9.1 is generally divided into the following sorts:

9.2 Compare various sorting methods from three aspects: the average time complexity of the algorithm, the worst time complexity and the auxiliary storage space required by the algorithm.

Sort method	Average time complexity	Worst yes gold complexity	Secondary storage space
simple sorting method	O (n2)	O (n2)	O(1)
quick sort	O(n log 2n)	O (n2)	O (log2n)
heap sort	O(n log 2n)	O(n log 2n)	O(1)
merge sort	O(n log 2n)	O(n log 2n)	O(n)

9.3 Comprehensive analysis and comparison of various sorting methods, the following conclusions can be drawn:
        ① The simple sorting method is generally only used when n is small (for example, n<30). When the records in the sequence are "basically ordered", direct insertion sorting is the best sorting method. If the data in the record is large, the simple selection sort method with fewer moves should be used.
        ②The average time complexity of quick sort, heap sort and merge sort are all O(nlog_n), but the experimental results show that in terms of average time performance, quick sort is the best of all sorting methods. Unfortunately, the worst-case time performance of quicksort is O(㎡). The worst time complexity of heap sort and merge sort is still O(nlogan). When n is large, merge sort has better time performance than heap sort, but it requires the most auxiliary space.
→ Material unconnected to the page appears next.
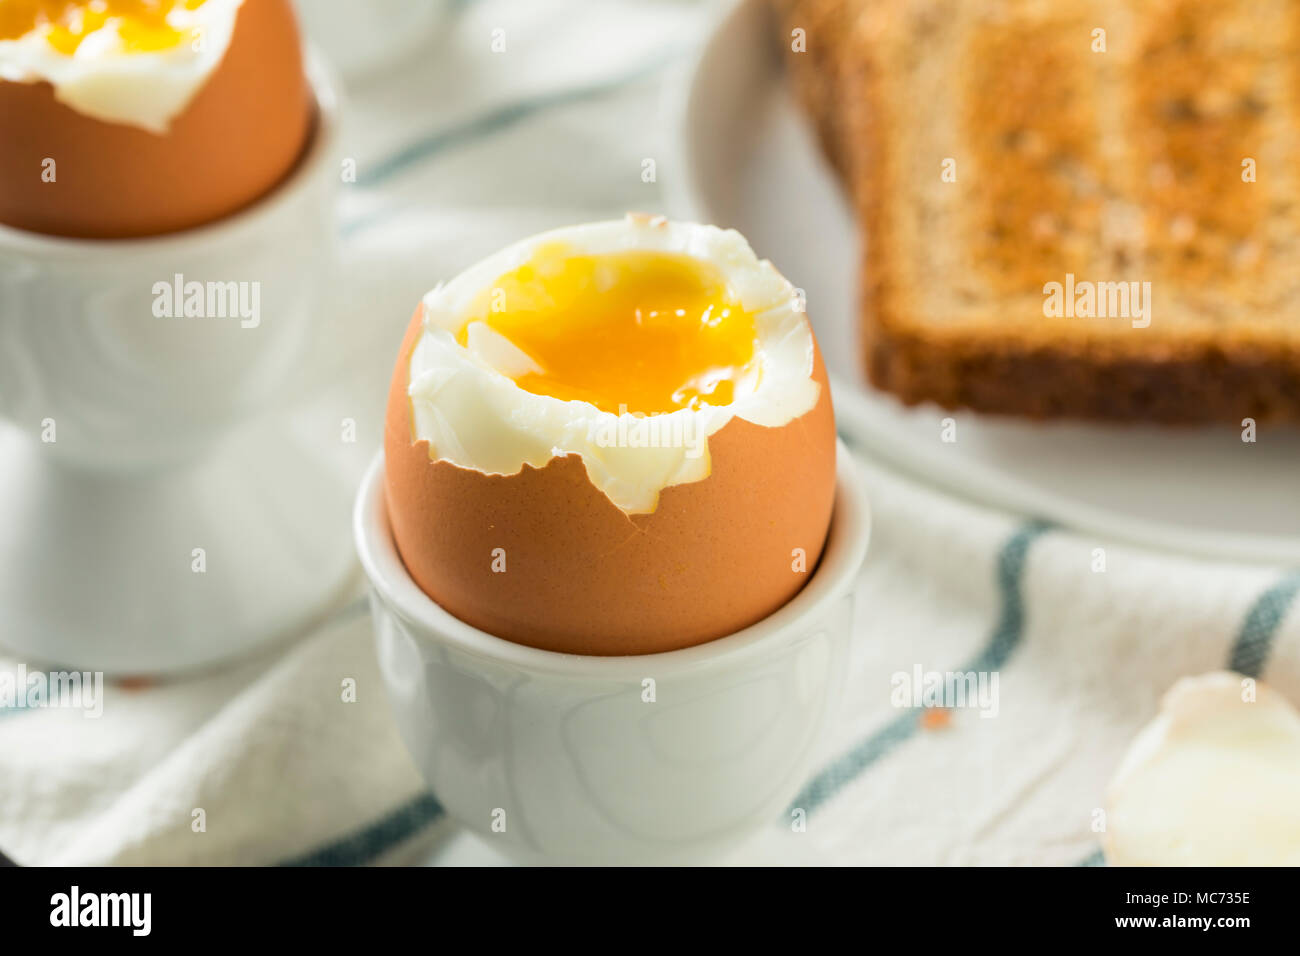 https://c8.alamy.com/comp/MC735E/homemade-soft-boiled-egg-in-a-cup-with-toast-MC735E.jpg

        ③ The simple sorting method can be used in combination with the sorting method with better performance. For example, in quick sort, when the length of the divided subintervals is less than a certain value, the direct insertion sorting method can be called instead; or the sequence to be sorted is divided into several subsequences, and the direct insertion sorting is performed respectively, and then the merge sort is used. method to merge ordered subsequences into a complete ordered sequence.
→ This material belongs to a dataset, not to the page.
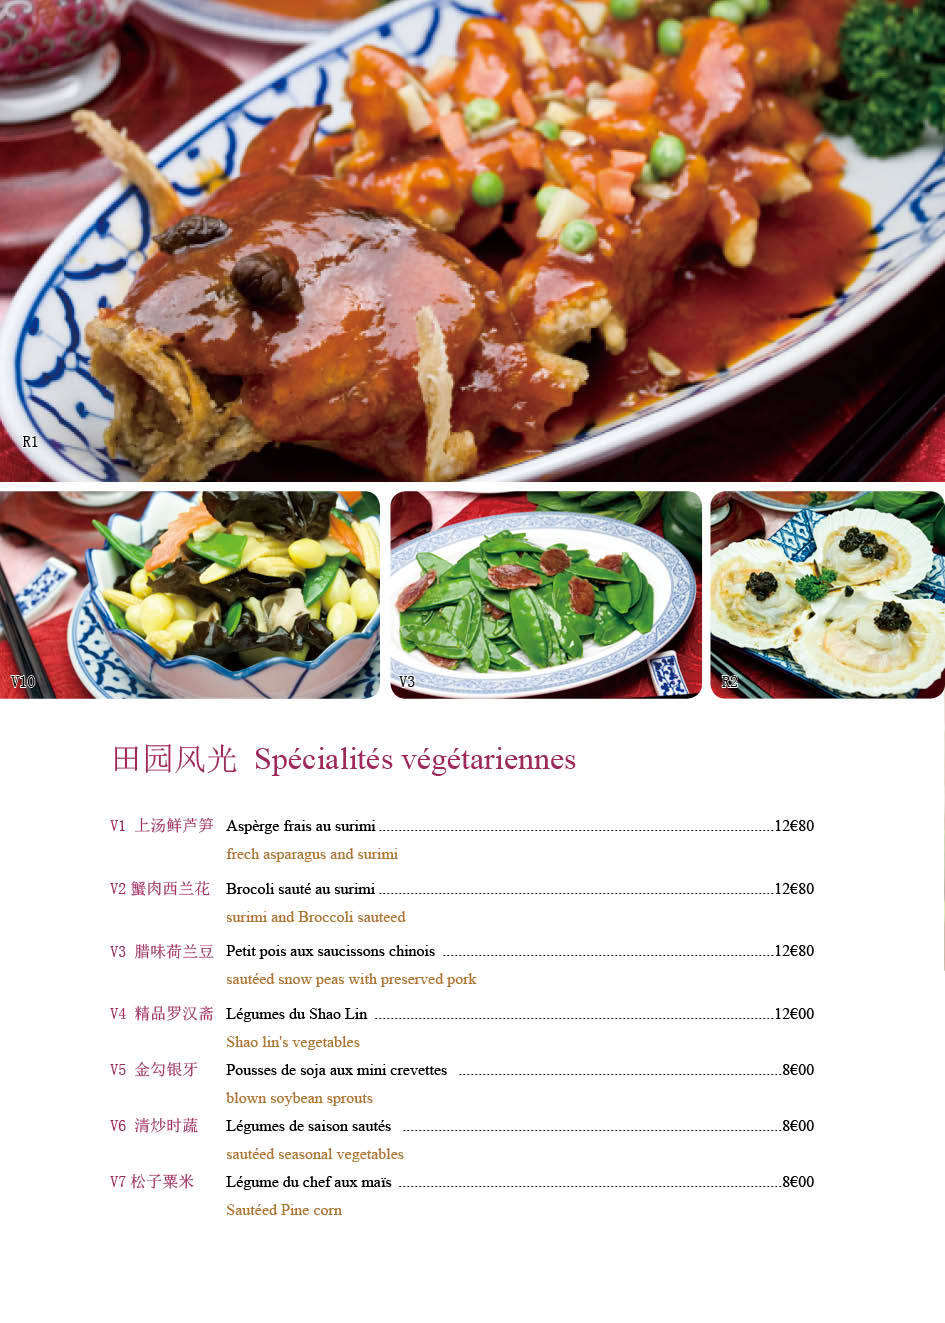 腾龙阁-法国中餐厅menu设计图7

        ④The time complexity of radix sort can be written as O(dn). Therefore, it is most suitable for sequences with large values of n and small number of digits of the key, d. When d is much smaller than n, its time complexity is close to O(n)
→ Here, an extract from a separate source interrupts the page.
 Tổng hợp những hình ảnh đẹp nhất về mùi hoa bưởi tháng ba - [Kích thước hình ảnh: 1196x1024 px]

        ⑤From the point of view of the stability of sorting, among all simple sorting methods, simple selection sorting is unstable, and other simple sorting methods are stable of. However, among those sorting methods with better time performance, Hill sort, quick sort and heap sort are all unstable, only merge sort and radix sort are stable.
        To sum up, each sorting method has its own characteristics, and no one method is absolutely optimal. The appropriate sorting method should be selected according to the specific situation, or a combination of methods can be used.